Critics at the time of That Cold Day in the Park were
unreceptive to its cynicism, likely because it was so fresh they simply
didn't know what to make of it. We've now become accustomed to films by the
likes of Lars von Trier and Michael Haneke featuring psychologically
troubled women being put through the ringer (some would say tortured by the
filmmakers), but in 1969 there simply weren't many characters like Frances
on screen. It wasn't Altman's first film but it's the first recognisably
Altman film, establishing some of his trademarks. When Altman's camera
drifts away from his leading lady to eavesdrop on conversations held by
background figures, 1969 audiences were likely stumped as to why a filmmaker
would do such a thing. They may have surmised that Altman was highlighting
the lives being lived on the lonely Frances' periphery, but now we know it's
simply what Altman does.

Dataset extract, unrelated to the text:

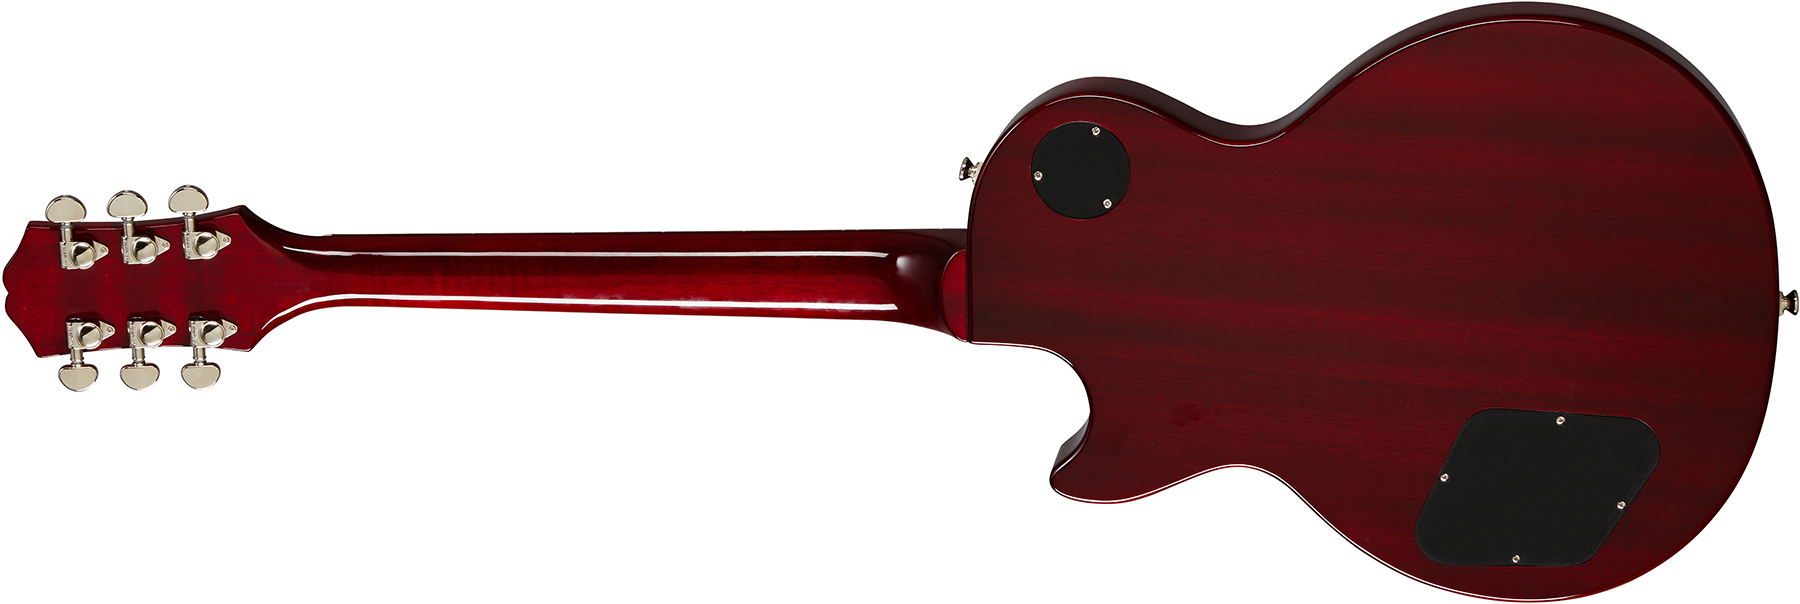 Epiphone Les Paul Studio 2h Ht Pf - Wine Red - Guitarra eléctrica de corte único. - Variation 1

Altman's ability to quickly establish a dynamic
with an economic setup is on display here, particularly in an impressive
scene when the boy returns to his family home and the camera remains outside
the house. We can't hear what's being spoken inside but what we observe
through the windows tells us that the boy puts on a very different front for
his parents than in while in the company of Frances and Nina.
With Altman now associated primarily with his ensemble dramas (to the
degree that the Independent Spirit Award for Best Ensemble is named in the
director's honour), it's easy to forget how many great individual lead
performances his early films featured. Dennis was never better than she is
here. She makes her Frances both terrifying and sympathetic, perhaps the
closest a female performer has come to replicating Anthony Perkins' career
defining turn as Norman Bates. There's not much to like about Frances and
yet we feel a crushing sympathy for the character, and the more pathetic she
acts the more difficult it becomes to watch her descent into madness.
If you have any anxiety regarding growing old,
That Cold Day in the Park will prove a deeply uncomfortable
experience. Through the words and actions of both the boy and Frances, we're
constantly reminded of how negatively we're viewed by those younger than us.
In an early attempt to impress the boy, Frances puts on a record she
believes he'll enjoy, but behind her back he rolls his eyes at how out of
touch she is with his generation's tastes. Later Frances delivers a
monologue about how unattractive she finds the doctor, describing in detail
how his old man smell turns her off. It's absolutely brutal. In his
contemporary review, Roger Ebert panned the film for not being a
conventional horror movie (was any mainstream critic so wrong so often?
*cough* Mark Kermode *cough*), but if you're over 30
That Cold Day in the Park is as disturbing and unsettling as
any explicit piece of body horror. It's as occupied with the limits of the
flesh as anything by Cronenberg or Barker.